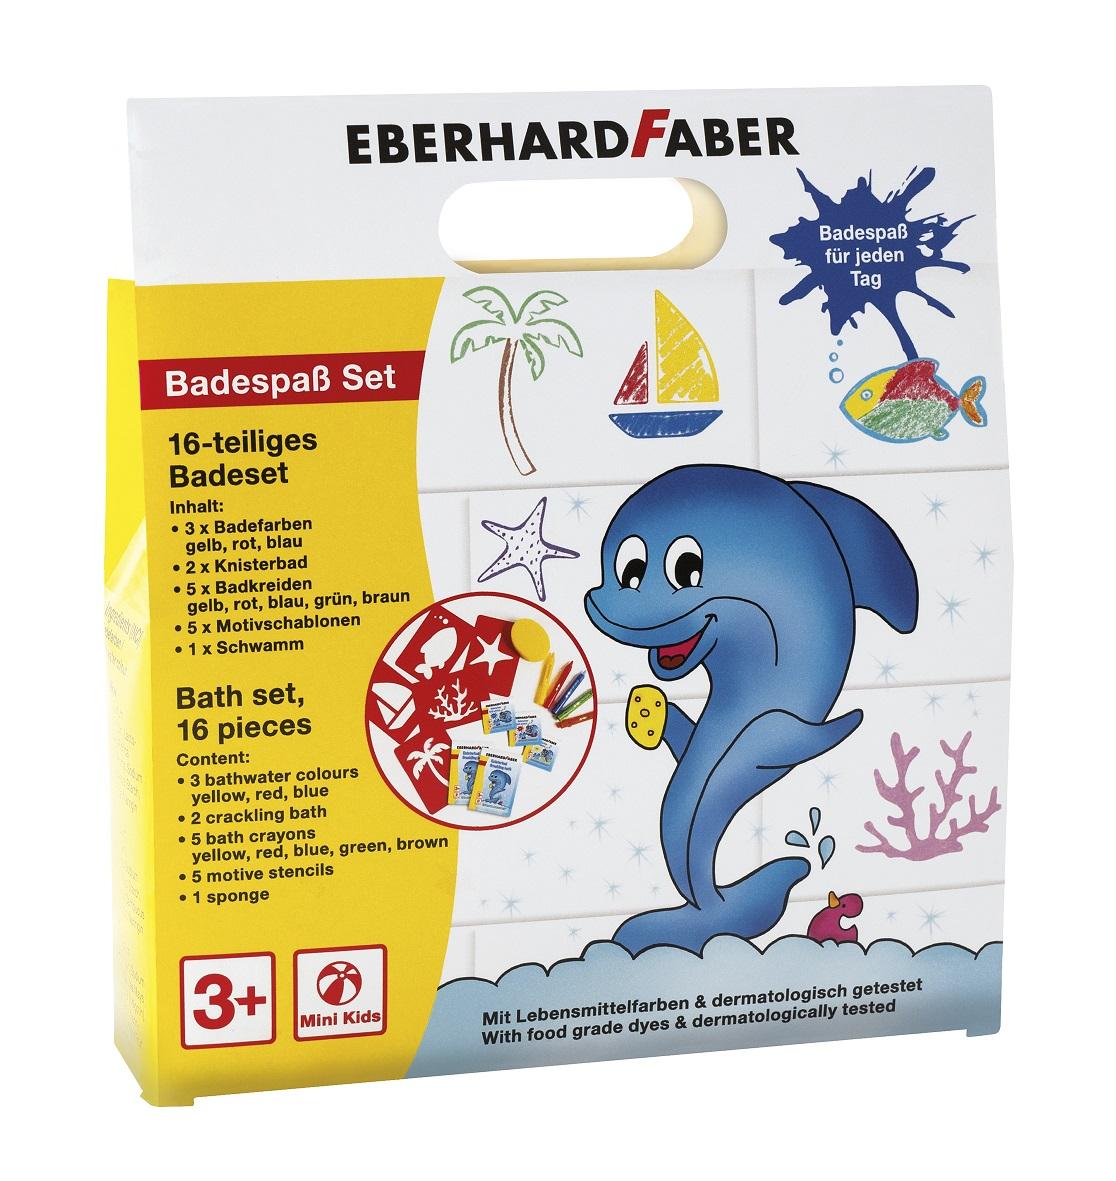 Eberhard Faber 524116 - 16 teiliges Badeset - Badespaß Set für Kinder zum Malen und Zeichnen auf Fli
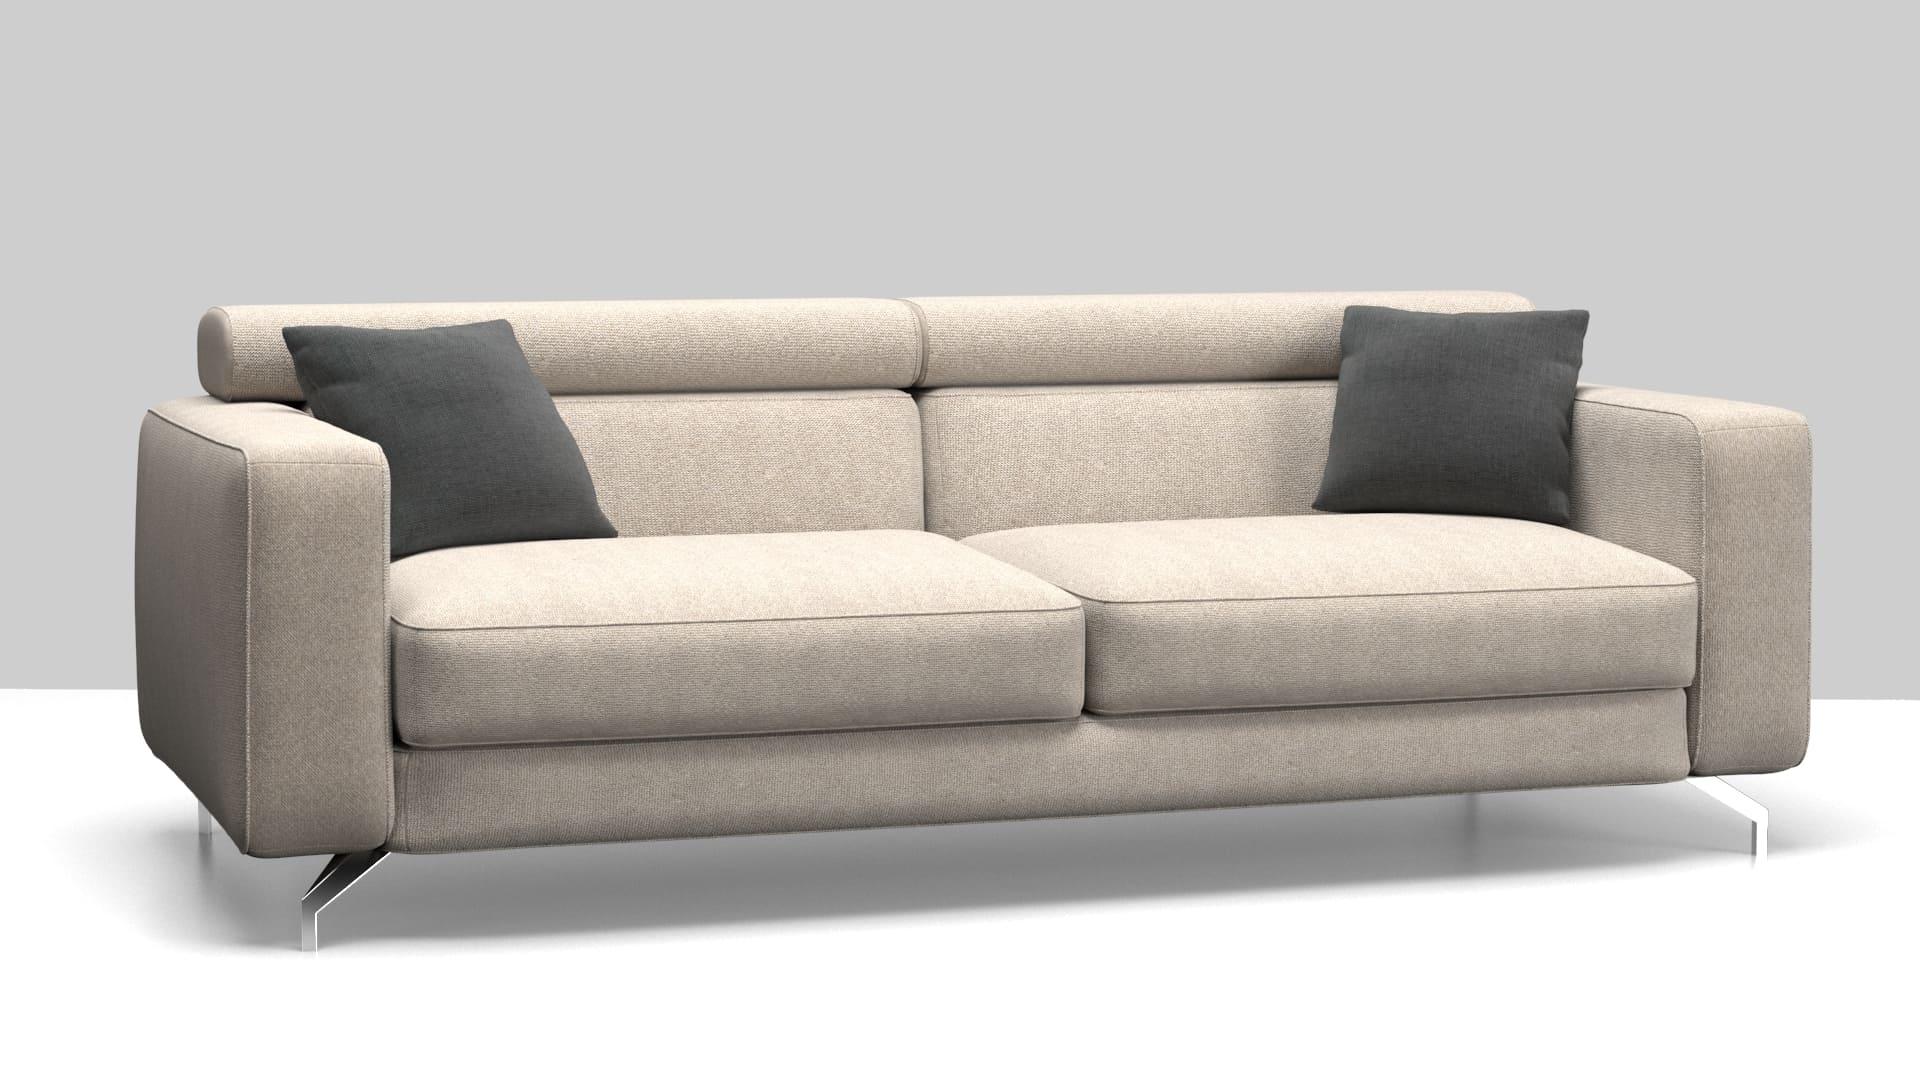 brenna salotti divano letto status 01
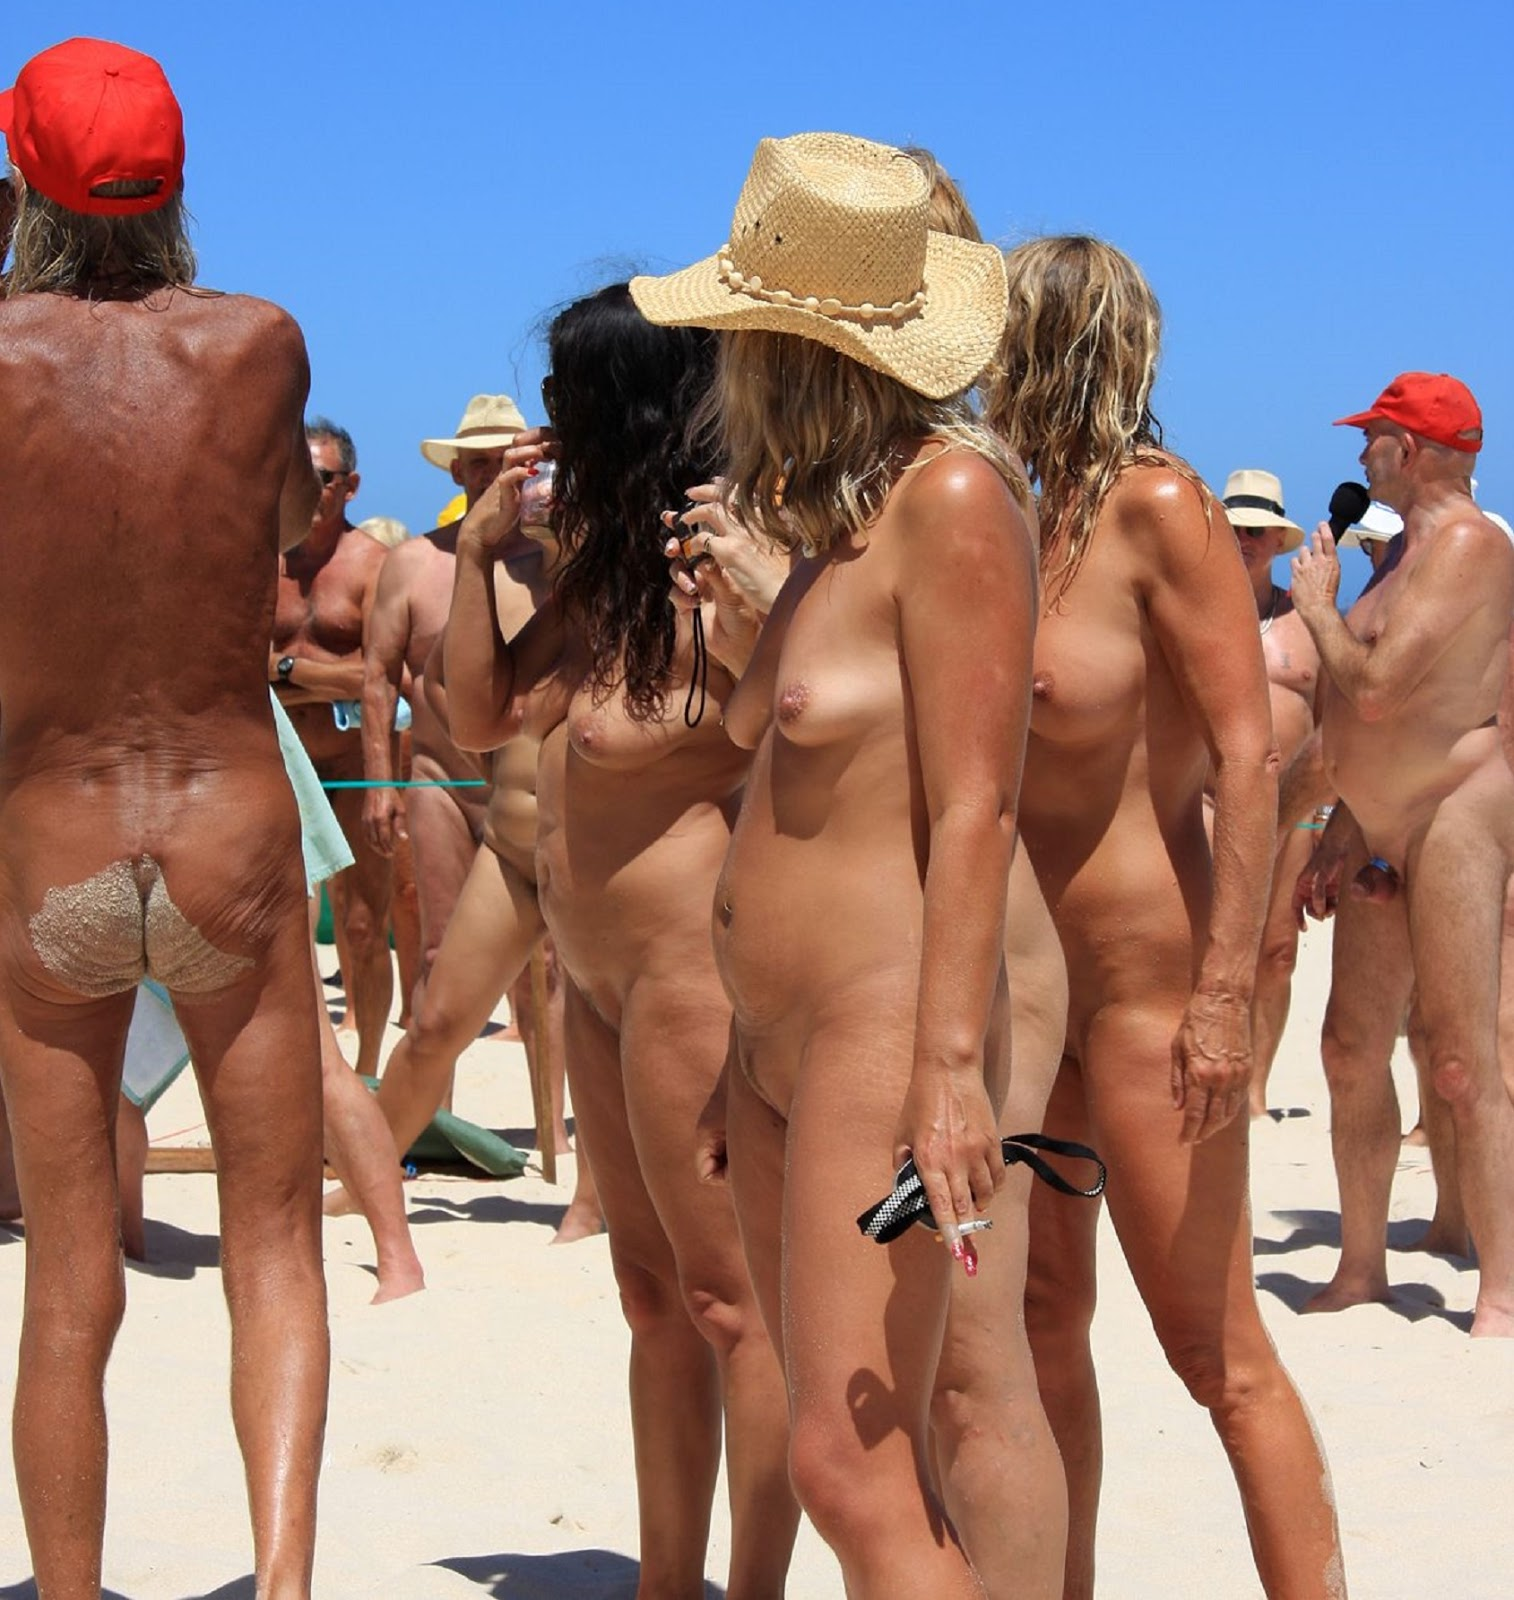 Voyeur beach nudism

· · · · ·

Leaving out only the pictures, return the material above unchanged.

 Eberhard Faber 524116 - 16 teiliges Badeset - Badespaß Set für Kinder zum Malen und Zeichnen auf Fli
 brenna salotti divano letto status 01
 Voyeur beach nudism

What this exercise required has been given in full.